Fascinerend is de opstelling van het Cleveland Orchestra (volgens trouwe overlevering een van de betere orkesten van de Verenigde Staten) dinsdag op het podium van het Concertgebouw: als een precies afgemeten blok, muziekstandaarden op gelijke afstand van elkaar, alle blazers (hout én koper) in drie hermetische rijen links van de trap. Omdat er niet genoeg blazers zijn om drie rijen vol te maken, worden de gaten afgedicht met violisten, die compleet uit hun eigen groep vallen ten gunste van een kubistische esthetiek. Rechts daarvan, ter hoogte van de trap, valt een uitgelijnd gat van ongeveer drie Franz Welser-Möst (de chef-dirigent) breed, en daar weer rechts van staat een kleiner, even hermetisch blok van 9 contrabassisten. Alsof er op het podium een gigantisch braaf kapsel zit met een zijscheiding rechts.

Cleveland tourt langs negen Europese steden met de Negende symfonie van Anton Bruckner. De drie voltooide delen, preciezer gezegd. Een concertje van maar krap een uur.

Ambacht

Het woord dat blijft hangen: ‘betrouwbaar’. Wat een prachtige hoorns, wat een oerdegelijke houtblazers, die hun soli en tutti allemaal helder en trots recht voor zijn raap de zaal in spelen. De technische precisie is een lust. De luide, ernstige uitroepen die Bruckner in het eerste deel ‘Feierlich, misterioso’ doet, klinken al net zo heerlijk kubistisch als de opstelling. Op die momenten klinken er drie duidelijk te onderscheiden blokken (violen – blazers – celli-alten-bassen) die als drie grote raderen precies in elkaar haken. Gaat de motor van een van hen aan, dan draait de rest automatisch mee. Vakwerk.

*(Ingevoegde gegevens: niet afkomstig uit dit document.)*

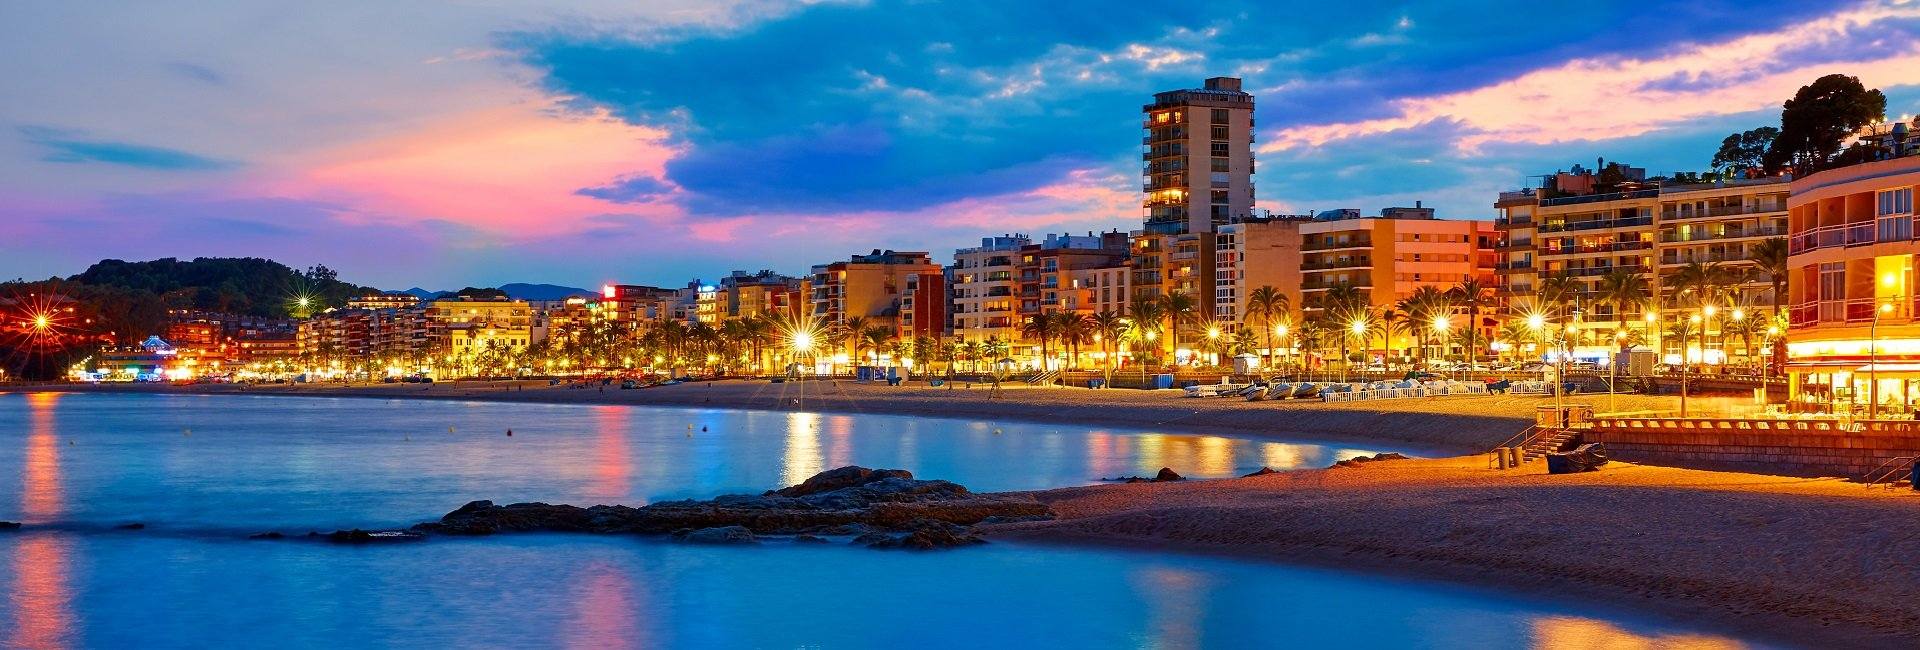 Costa Brava, Spania

Maar, tussen die uitroepen wil Bruckner zich graag terugtrekken, uit het zicht raken en over diepe zaken tobben. En dat krijgt Cleveland niet voor elkaar. Het lukt ze maar niet om kinetische energie om te zetten in denkkracht. Feierlich is wel feierlich, maar misterioso is niet misterioso. Donker wordt het niet, omdat de contrabassen, al zijn ze met negen, super bescheiden spelen. Diep in het tweede deel voel je ineens waarom: Cleveland is gewoon een hartstikke blij orkest. Vrolijk omdat ze weer kunnen touren, of gewoon knaloptimistisch in wezen. Ze voelen Bruckners tobben niet; ze acteren het, als een schaap in wolfskleren.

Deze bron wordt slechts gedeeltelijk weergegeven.